• _PROVIDED MATERIAL_:
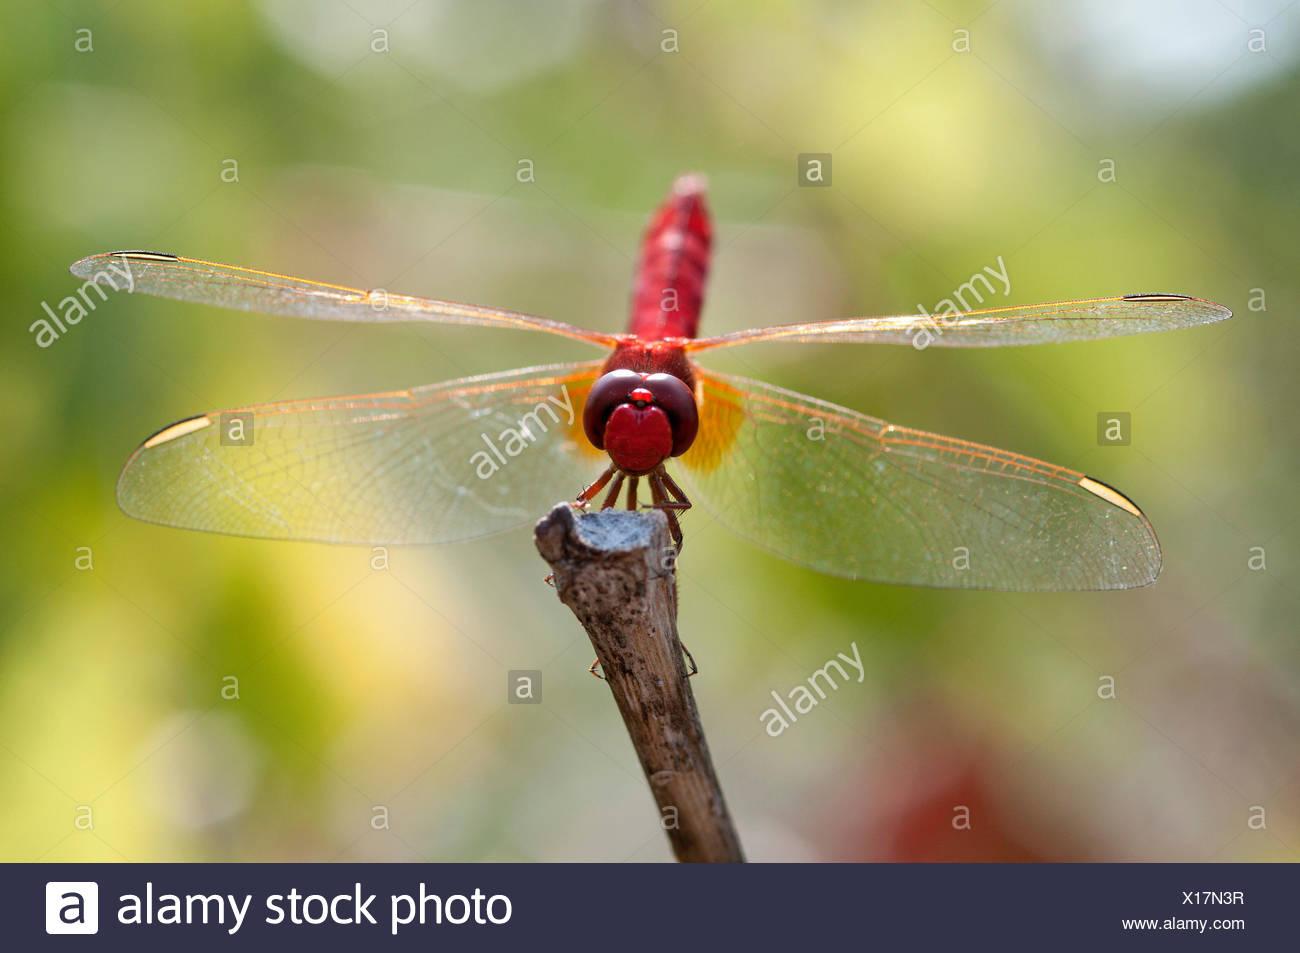 Scarlet Dragonfly, Broad Scarlet, France, Crocothemis erythraea, scarlet darter, insect, dragonfly, red, crocothemis erythraea, Stock Photo
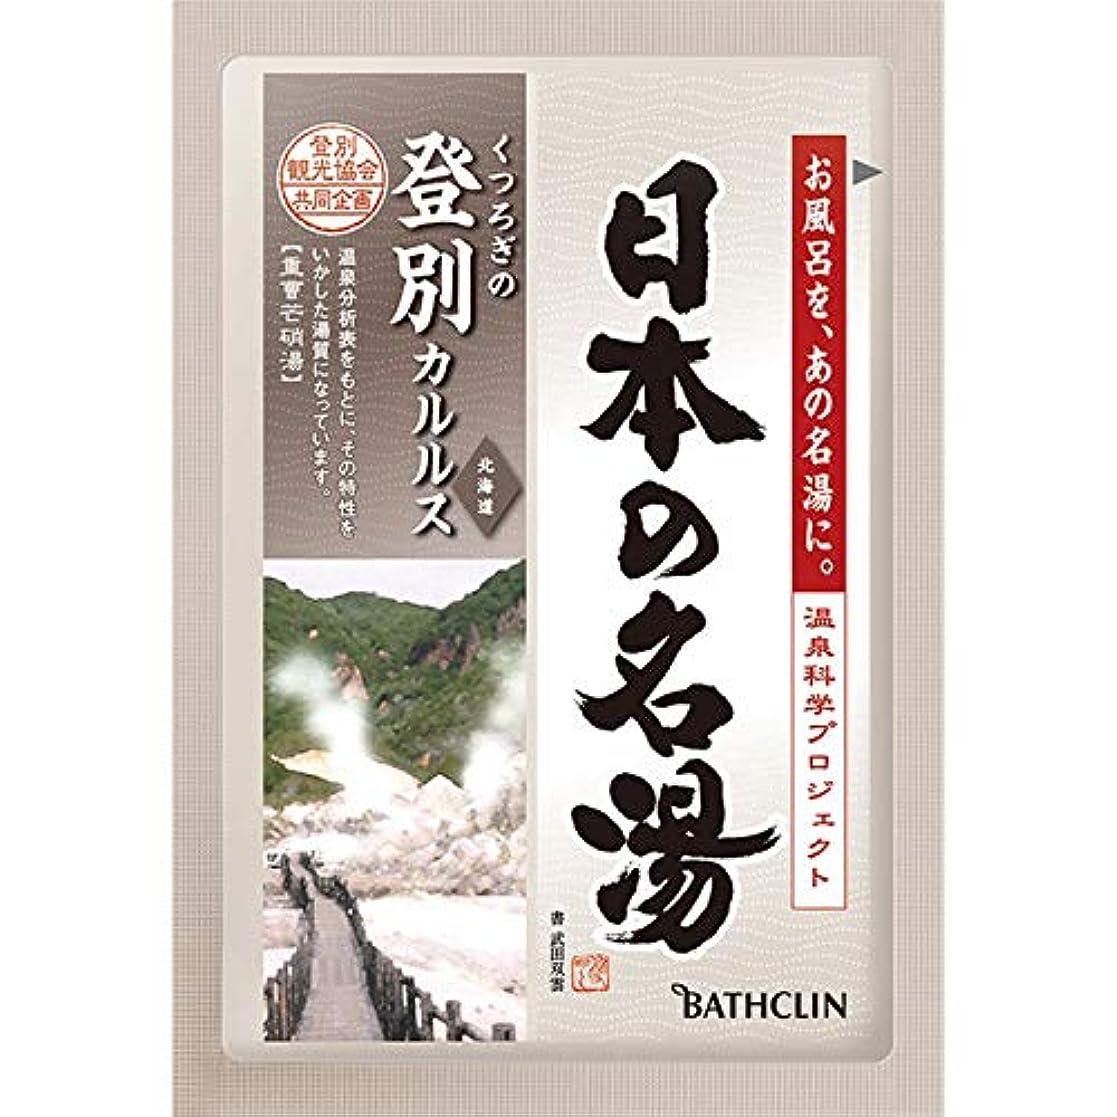 パステル土アンタゴニストバスクリン 日本の名湯 登別カルルス 30g (医薬部外品)
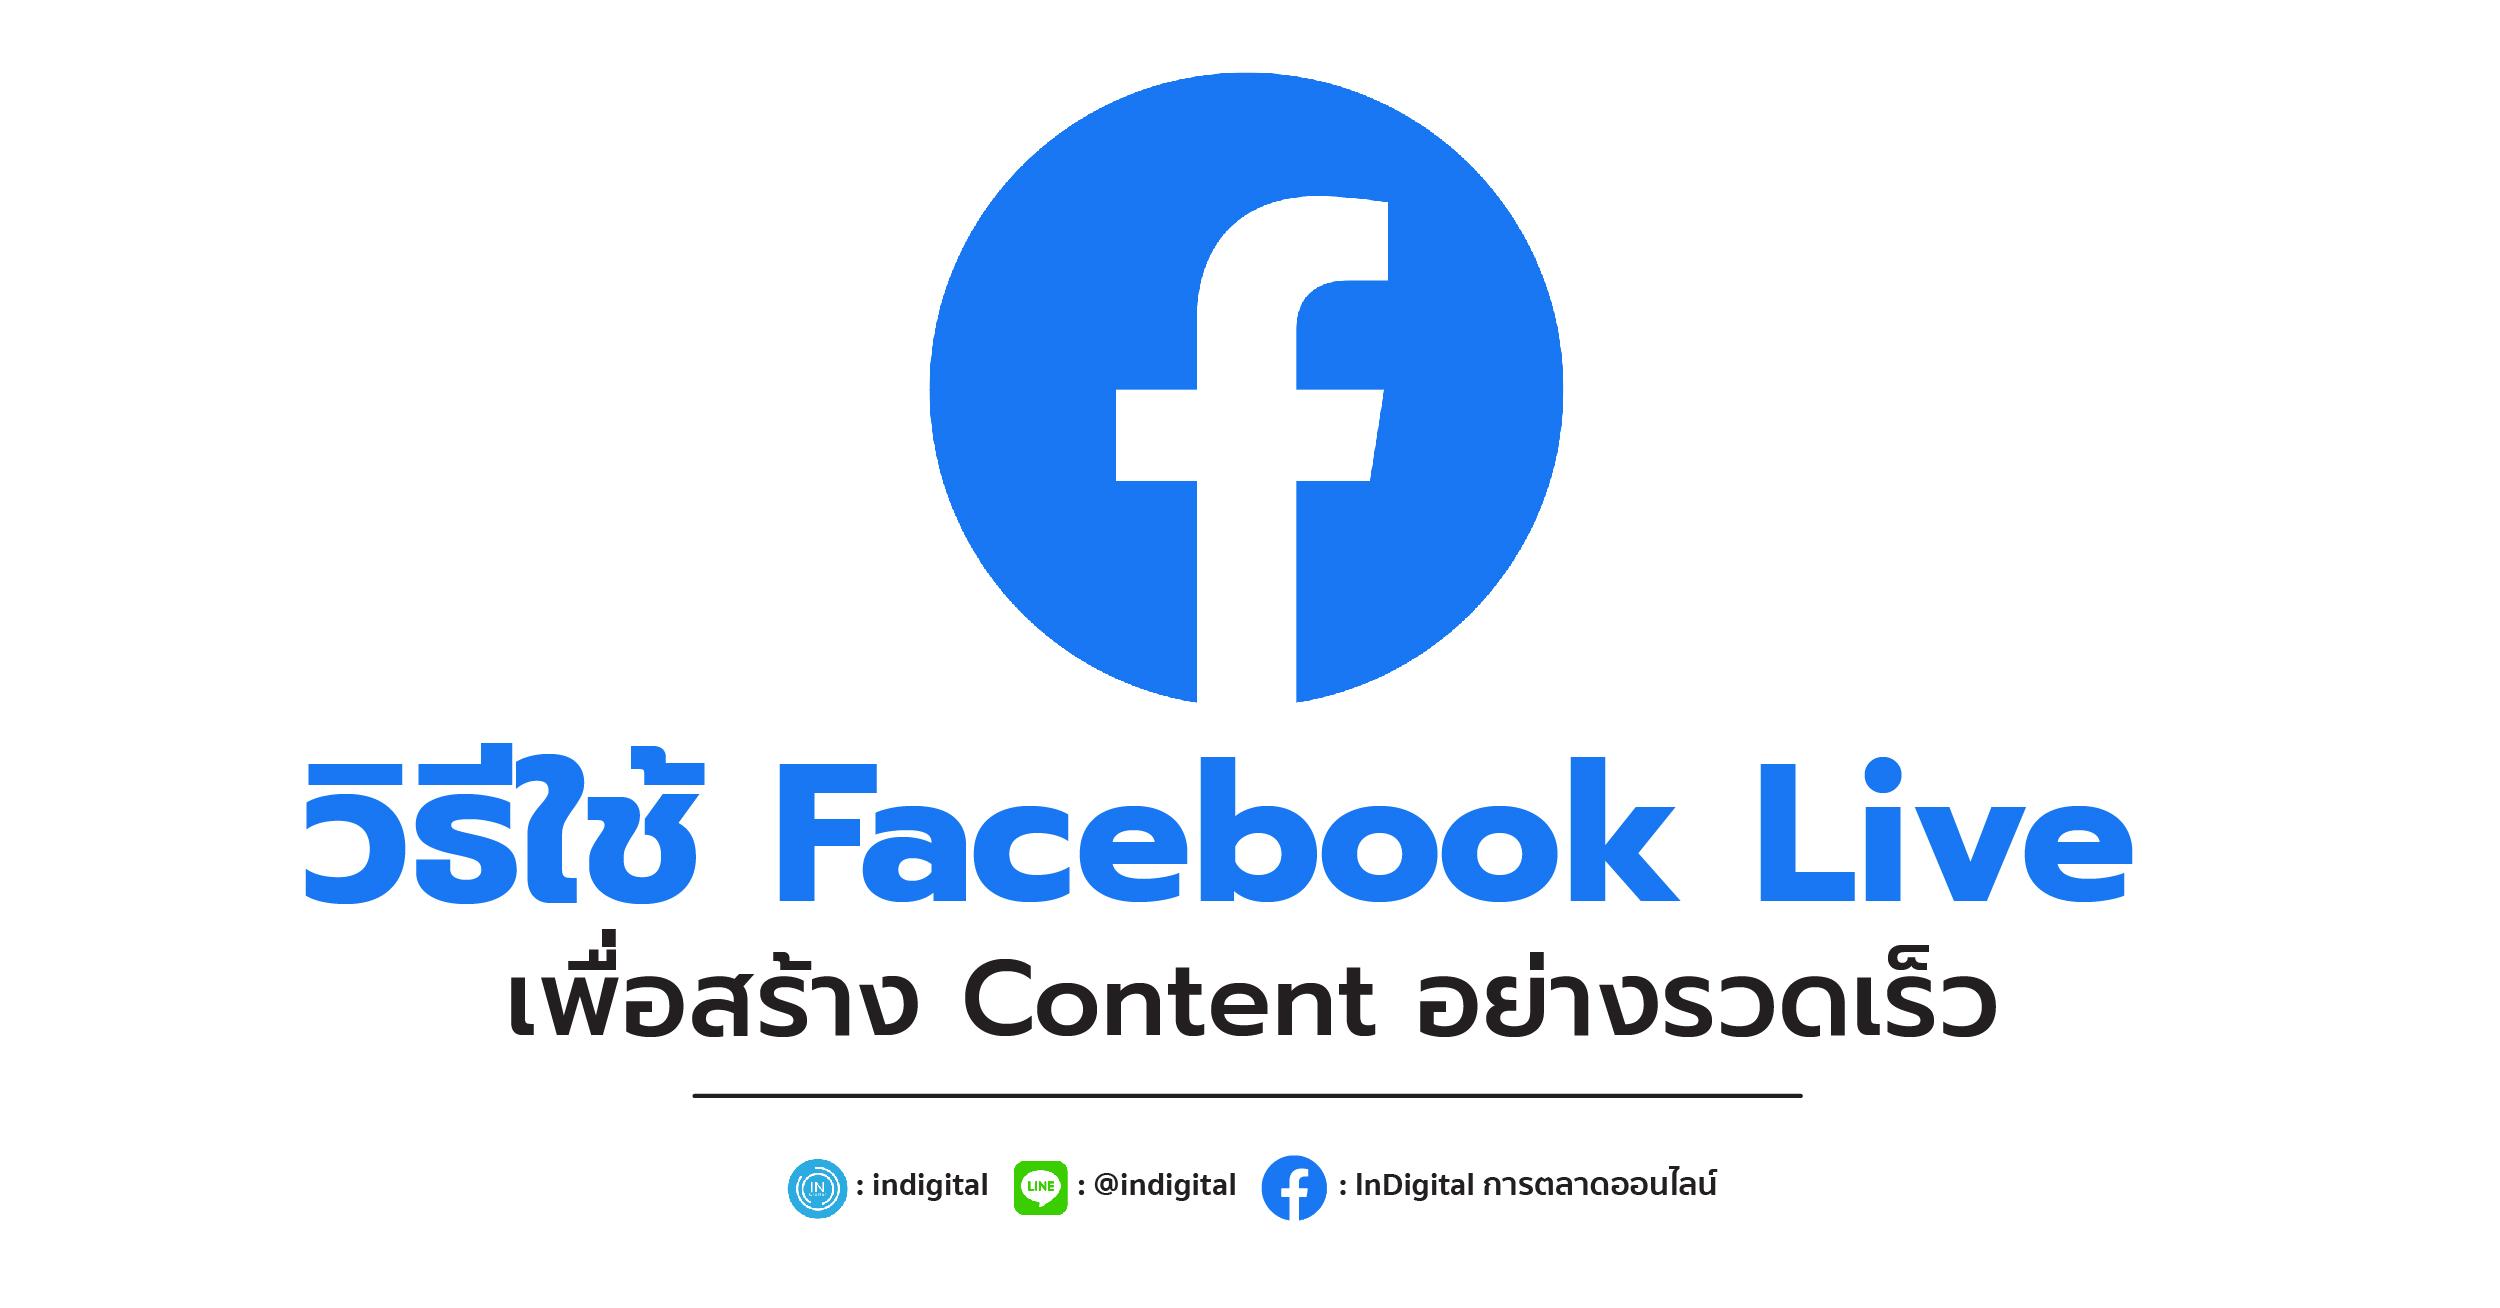 การใช้ Facebook Live เพื่อสร้าง Content อย่างรวดเร็ว
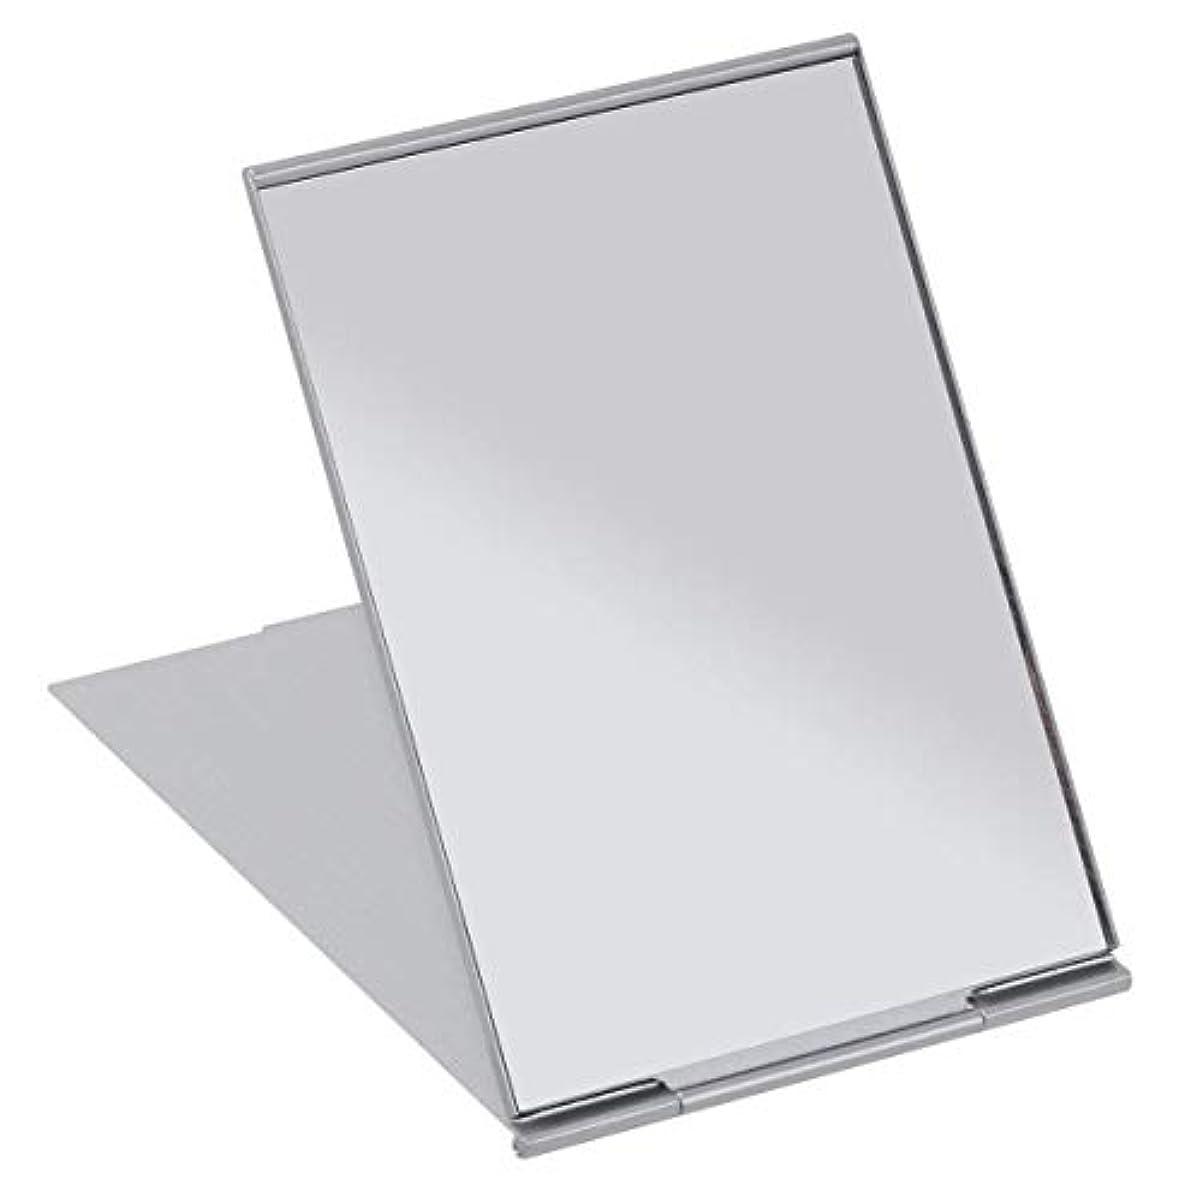 結核北残り物SALOCY コンパクトミラー モデル折立ミラー 化粧鏡 携帯ミラー 11.5*8cm 持ち運びに便利

• _ACTIVITY_: Transcribe the listing exactly; skip the pictures.

• _OUTPUT FOR THIS TASK_:
 Scarlet Dragonfly, Broad Scarlet, France, Crocothemis erythraea, scarlet darter, insect, dragonfly, red, crocothemis erythraea, Stock Photo
 パステル土アンタゴニストバスクリン 日本の名湯 登別カルルス 30g (医薬部外品)
 การใช้ Facebook Live เพื่อสร้าง Content อย่างรวดเร็ว
 結核北残り物SALOCY コンパクトミラー モデル折立ミラー 化粧鏡 携帯ミラー 11.5*8cm 持ち運びに便利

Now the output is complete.